D. WHEREAS, KYTHERA Holdings Ltd. (“KHL”), an Affiliate of Kythera, wishes to acquire, by assignment and license, certain of Bayer’s rights, information and material relating to the development, manufacture and commercialization of Products;
E. WHEREAS, in anticipation of and in furtherance of the foregoing, Kythera and Bayer wish to amend the Original License Agreement as of the Effective Date in the form attached hereto as Exhibit A (the “Amended License Agreement”), and Kythera and Intendis have further agreed that the Collaboration Agreement will terminate;
F. WHEREAS, Kythera, Bayer and their respective Affiliates have agreed that Bayer will, after the transactions contemplated by this Restructuring Agreement have been consummated, assign to KHL all of its right, title, and interest in and to the Amended License Agreement; and
G. WHEREAS, in contemplation of the fact that Kythera and Bayer will no longer be in privity of contract under the Amended License Agreement following Bayer’s assignment of the Amended License Agreement to KHL, and the fact that Kythera and Intendis will no longer be in privity of contract under the Collaboration Agreement following the termination of the Collaboration Agreement, the Parties and their Affiliates wish to further establish certain terms to govern their relationship following these transactions.
NOW THEREFORE, the Parties agree as follows:
ARTICLE 1
DEFINITIONS
Except as otherwise set forth below, all capitalized and undefined terms in this Restructuring Agreement shall have the meanings set forth in the Amended License Agreement or the Collaboration Agreement, as applicable:
1.1 “Amended License Agreement” has the meaning set forth in the WHEREAS clauses.
1.2 “Assignment and Novation Agreement” has the meaning set forth in Section 2.2.
1.3 “Bayer Indemnitees” has the meaning set forth in Section 6.1.
1.4 “Collaboration Agreement” has the meaning set forth in the WHEREAS clauses.
1.5 “Indemnified Party” has the meaning set forth in Section 6.3.
1.6 “Indemnifying Party” has the meaning set forth in Section 6.3.
1.7 “KHL” has the meaning set forth in the WHEREAS clauses.
1.8 “Kythera Indemnitees” has the meaning set forth in Section 6.2.
1.9 “Losses” means, with respect to a Party, any and all liabilities, expenses and/or losses, including without limitation (i) reasonable legal expenses and attorneys’ fees for external counsel that are incurred by or on behalf of such Party, and (ii) documented internal costs (including general and administrative expenses) incurred by or on behalf of such Party to the extent that such costs are charged on a basis consistent with such Party’s ordinary business practices consistently applied, and consistent with industry standards.

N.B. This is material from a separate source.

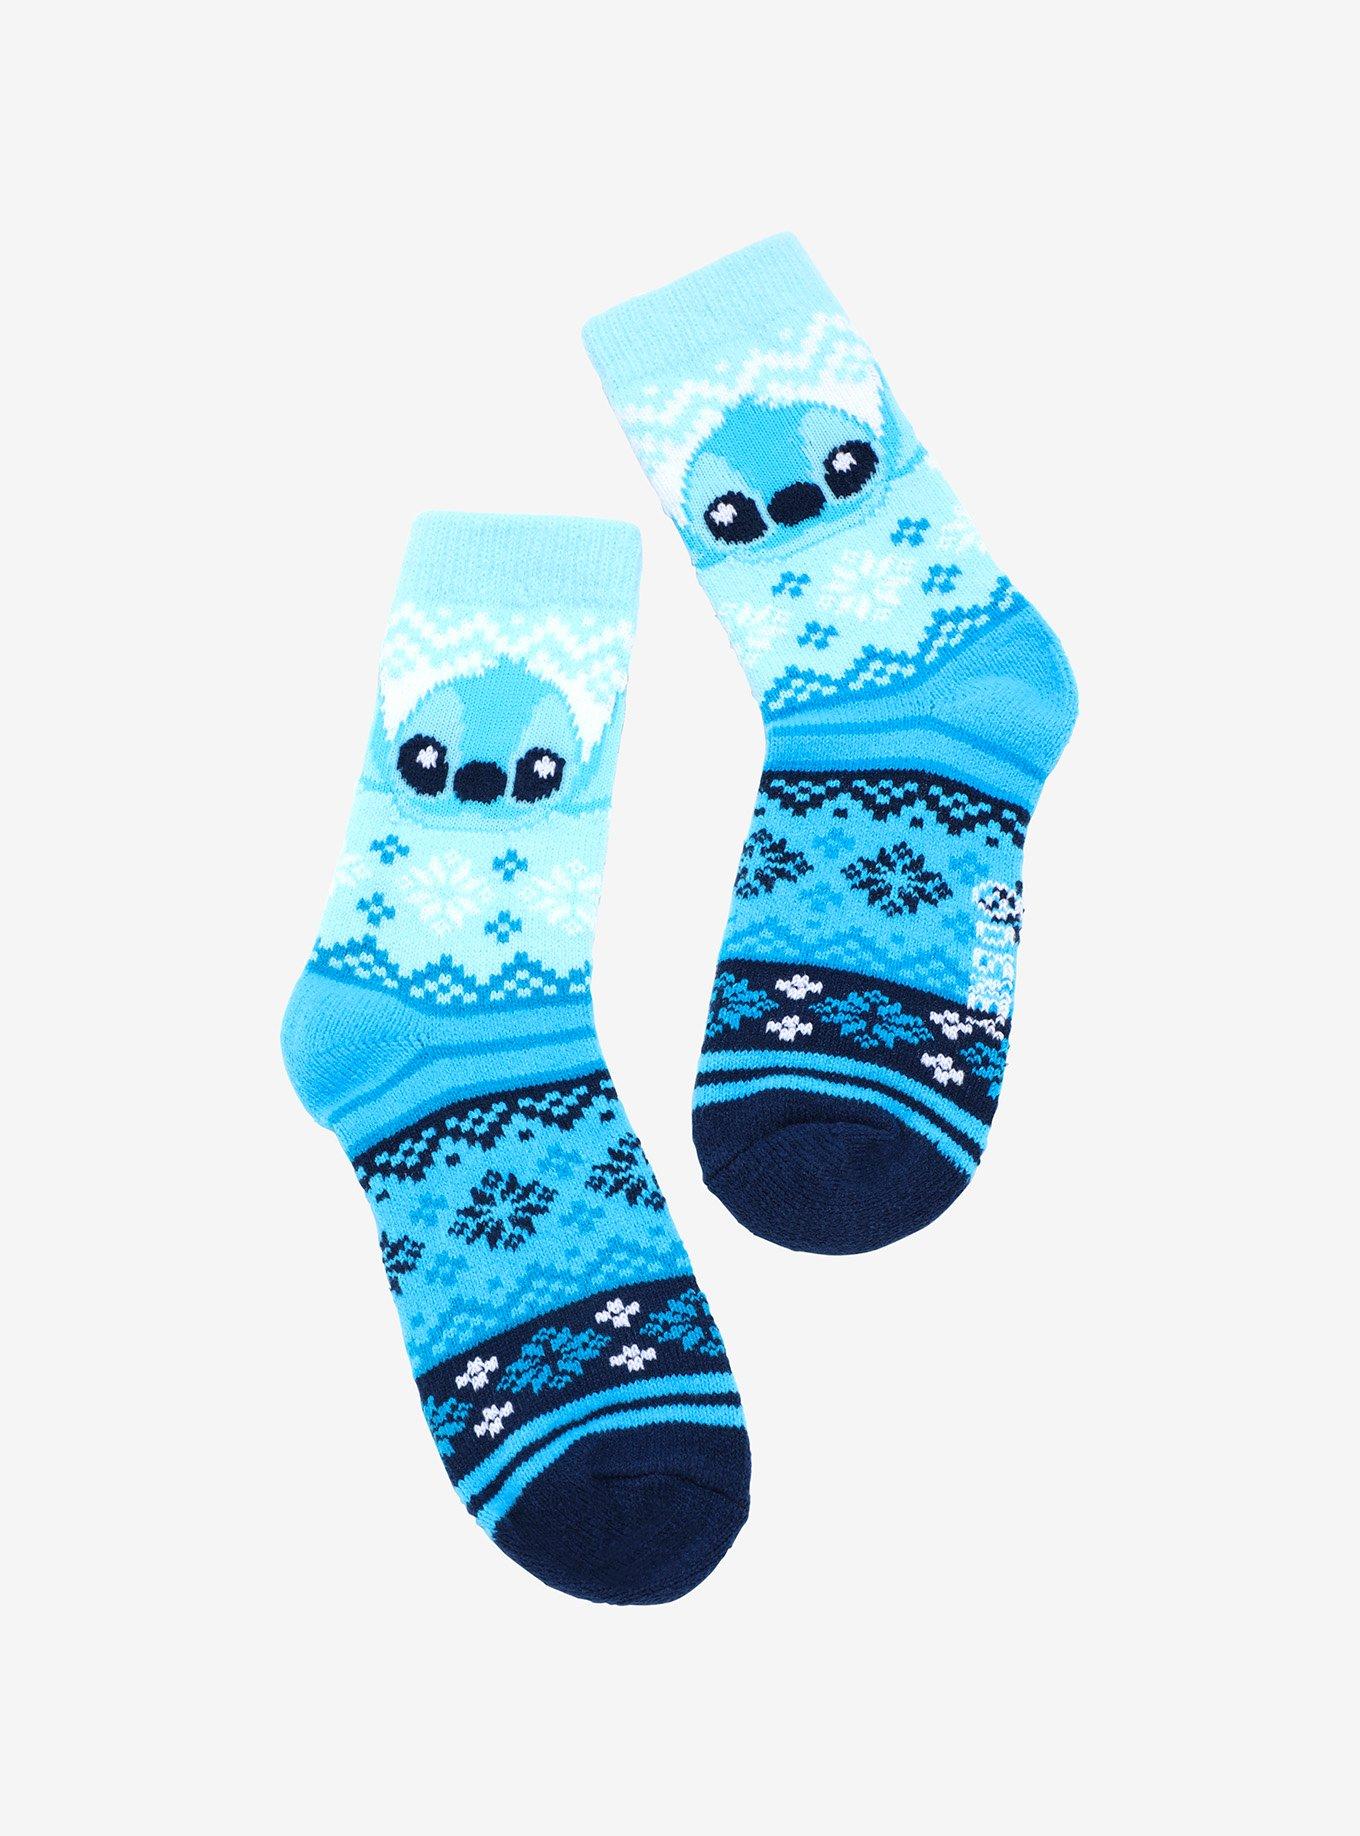 Moana Socks for Sale

1.10 “Original License Agreement” has the meaning set forth in the WHEREAS clauses.
1.11 “Party” and “Parties” have the meanings set forth in the preamble.
1.12 “Restructuring Agreement” has the meaning set forth in the preamble.
1.13 “Third Party” means any person other than the Parties and their respective Affiliates.
ARTICLE 2
AMENDED LICENSE AGREEMENT
2.1 Amended License Agreement.
2.1.1 Bayer and Kythera shall, simultaneously with the execution of this Restructuring Agreement, execute the Amended License Agreement, and such Amended License Agreement shall be considered effective at the same time as this Restructuring Agreement is effective.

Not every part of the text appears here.